Santana Castilho - Público
Como pode uma doutora em direito (Alexandra Leitão) rastejar de fininho sob uma lei, como se ela não existisse.
António Costa disse, no lançamento da empreitada de requalificação do troço entre Penacova e Lagoa Azul, que ao fazer obra no IP3 “estamos a decidir não fazer evoluções nas carreiras ou vencimentos”. Deixou, assim, bem claro que o dinheiro para as estradas origina a falta de dinheiro para as carreiras e salários e que o não reconhecimento de todo o tempo de serviço prestado pelos professores não é uma questão de dinheiro mas, outrossim, uma questão de prioridades.
A adesão inicial dos professores de esquerda ao vazio do programa político do PS para a Educação ficou a dever-se às chagas que o “ajustamento” deixou e à habilidade de António Costa para se entender com o PCP e com o BE. Agora que esse entendimento abana (se não acabou já), António Costa reduziu o PS ao que sempre foram os figurões incompetentes que propôs para a educação. O significado político da retórica pelintra do IP3 ilustrou-o bem. Dizendo o que disse, António Costa deixou implícito que a negociação que hoje vai recomeçar não pode ser mais que a repetição da coreografia do costume, para tentar desmobilizar uma greve que dura há cinco semanas, com uma eficácia que surpreendeu.
Com efeito, os textos das cartas trocadas entre os sindicatos e o ministério, como preâmbulo do tango (para usar a metáfora do próprio ministro) que a partir de hoje vão dançar, enlaçados num faz de conta de desfecho já escrito (a plataforma mortinha por suspender a greve e uma vez mais sair de cena sem resultados, quando a hora era de cerrar fileiras e dizer não, e o ministério decretando previamente quem comanda o baile) são confrangedores: o dos sindicatos por mendigar a retomada de uma negociação que o ministério interrompeu quando chantageou; o do ministério por começar logo (ponto 1 da missiva) com a perfídia de sempre. Com efeito, como pode uma doutora em Direito (Alexandra Leitão) rastejar de fininho sob uma lei, como se ela não existisse, que separou a carreira geral dos funcionários públicos das carreiras especiais dos militares, polícias, magistrados, médicos, enfermeiros e professores, ou um doutor em Bioquímica (Tiago Brandão Rodrigues) afirmar que 70% de 10 é igual a 70% de 4?
Foi com este pano negro de fundo que a avaliação dos alunos, legalmente definida em termos circunstanciais precisos, enquanto decisão colegial de um conselho de turma, foi substituída por um expediente escabroso, ilegalmente determinado num lance golpista, impróprio de um estado de direito.

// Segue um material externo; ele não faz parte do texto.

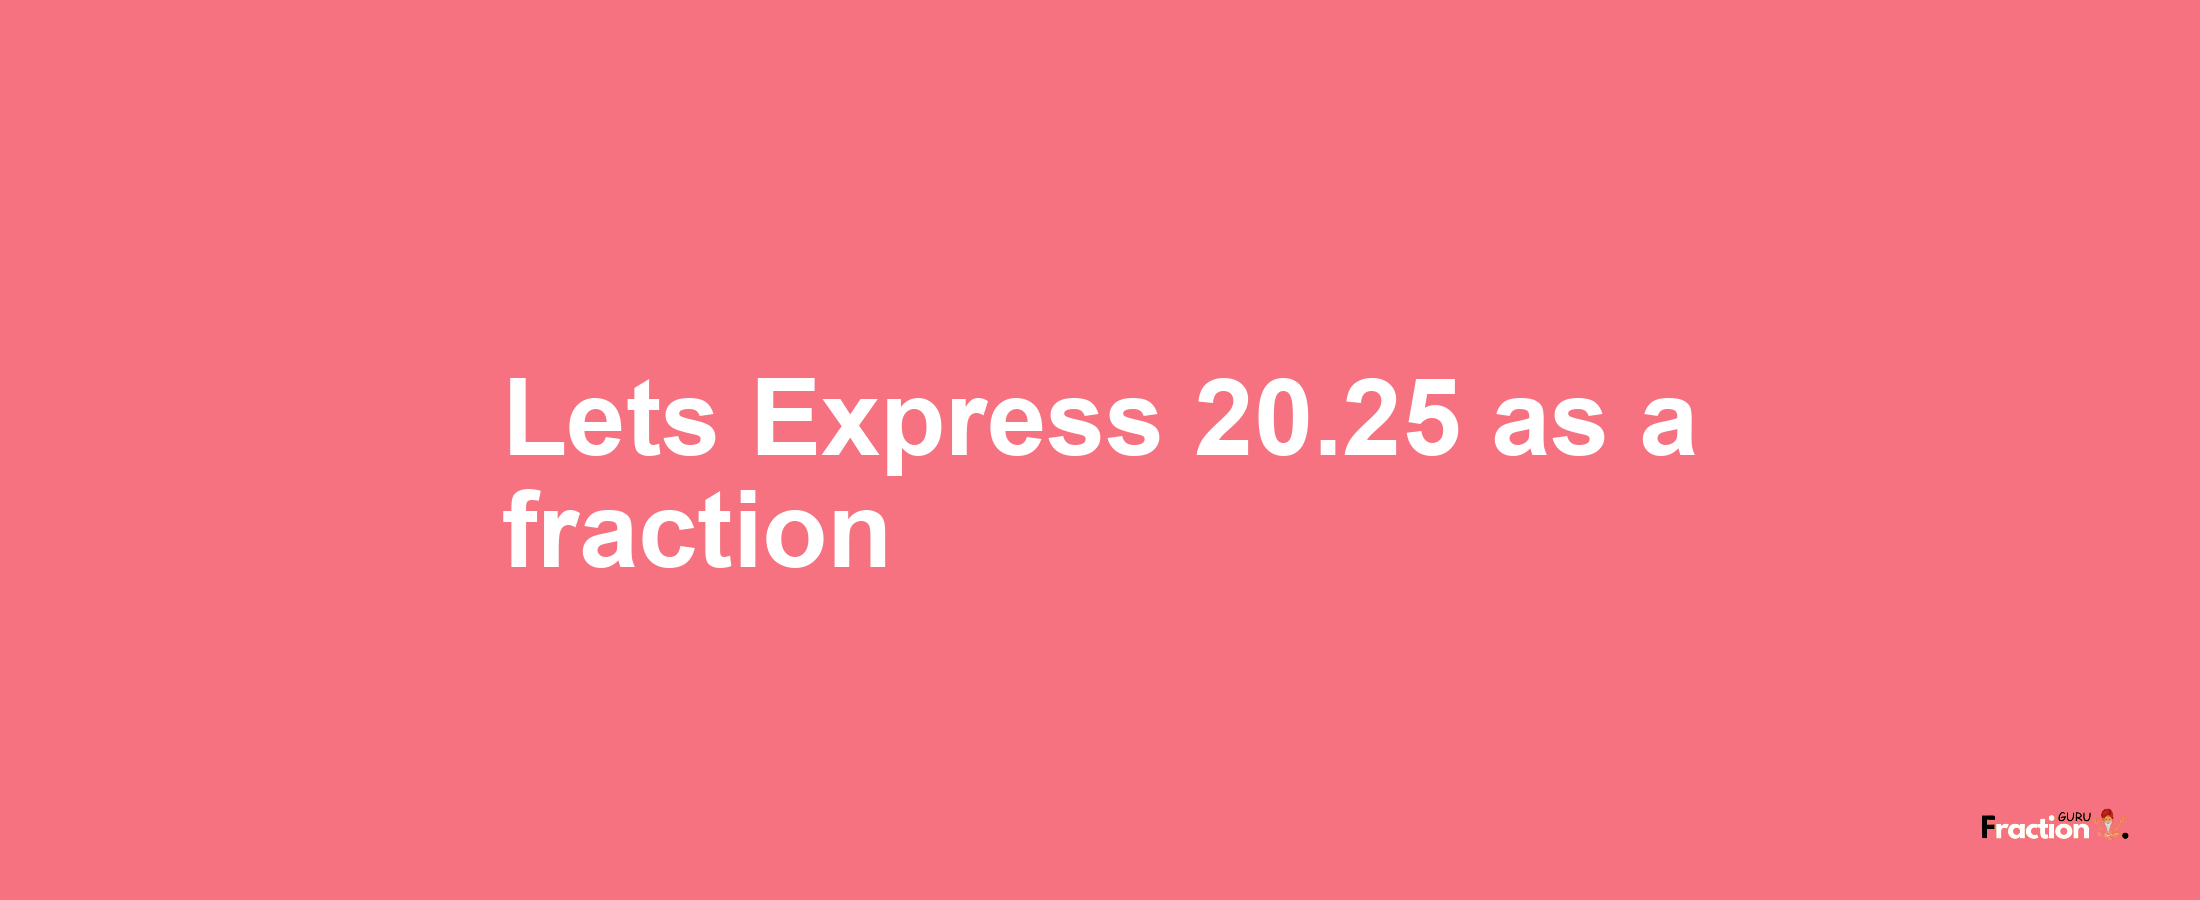 Lets Express 20.25 as afraction
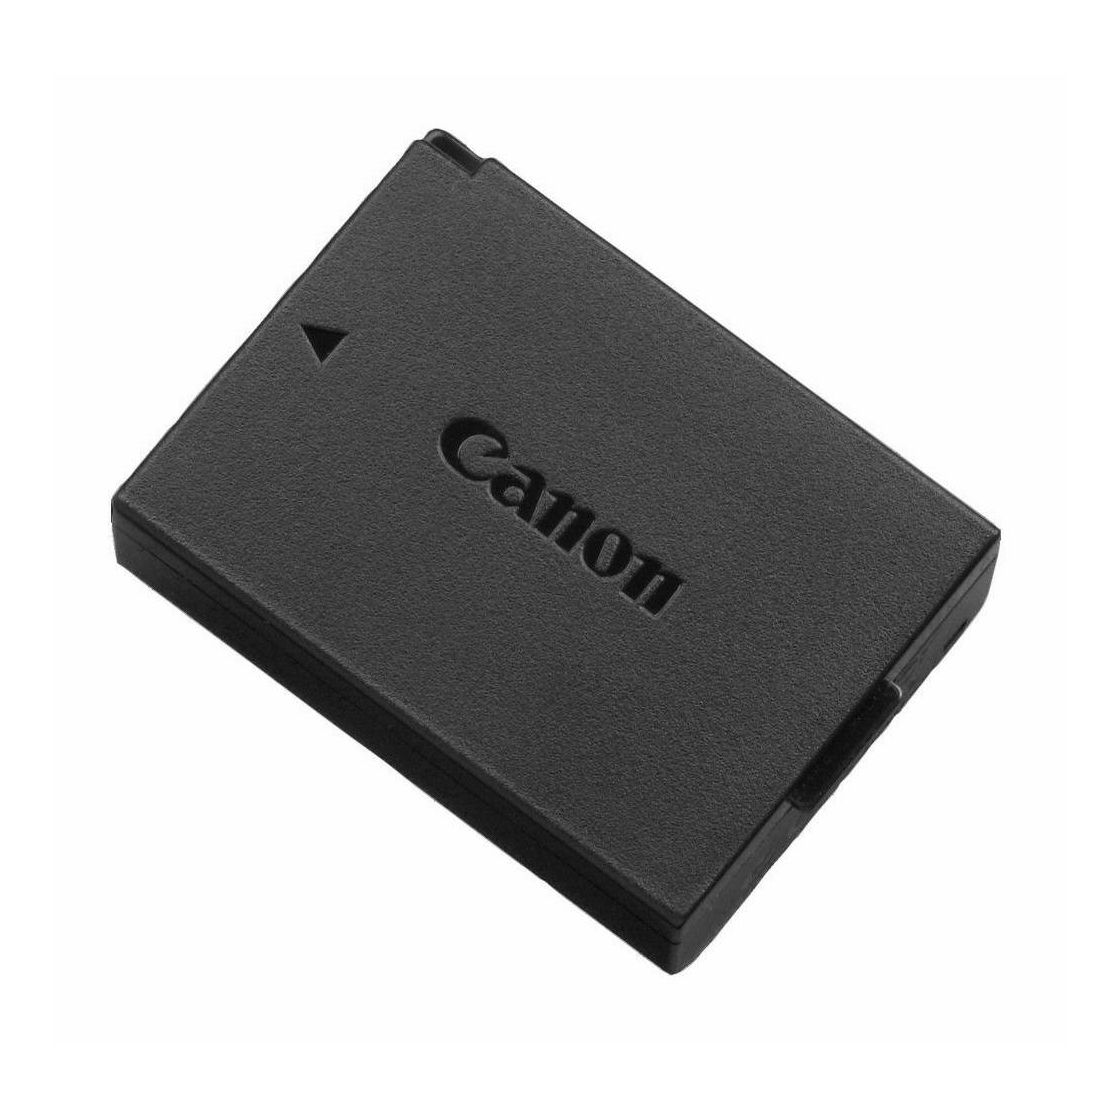 Canon LP-E10 860mAh 7.4V baterija za EOS 1300D 1200D 1100D Rebel T6 T5 T3 Lithium-Ion Battery Pack (5108B002AA)

Foi com este pano negro de fundo que a reflexão e a ponderação pedagógicas deram lugar a simples números, onde 50% mais um dos professores, arregimentados não importa com que critério, foram coagidos a fazer o que os pequenos chefes da choldra ministerial determinaram. Definitivamente, só apetece dizer-lhes, com José de Almada Negreiros, que são “uma resma de charlatães e de vendidos, que só podem parir abaixo de zero”!
Esta leitura, válida para as políticas de Educação, assentes em romarias, foguetório, burocracia sem fim, precarização e medidas desgarradas e ocasionais, será igualmente feita para a economia quando a denominada sociedade civil emergir da falácia que a propaganda bem orquestrada lhe vendeu. Como é possível falarmos de milagre económico quando no cotejo europeu a nossa economia é a quarta a contar do fim, em termos de crescimento? Que milagre económico é esse, quando as estatísticas europeias mostram que o nível de vida dos portugueses está em regressão há 15 anos e que o rendimento per capita português em 2018 é 78% do europeu, quando era 84% em 1999?
A falência dos partidos tradicionais em Espanha, Itália França e Grécia e as vocações autoritárias nascentes na Polónia, Hungria e República Checa deviam levar António Costa a confiar menos na vaca voadora da sua alegre casinha.
Até às eleições de 2019, espero que os eleitores percebam que o establishment político que a “geringonça” gerou, pese embora tímidas melhorias pontuais, foi criado a partir de “realidades” ficcionadas. “Realidades” manhosamente construídas à margem do que é importante, que nos fizeram aceitar uma nova servidão, apenas menos triste.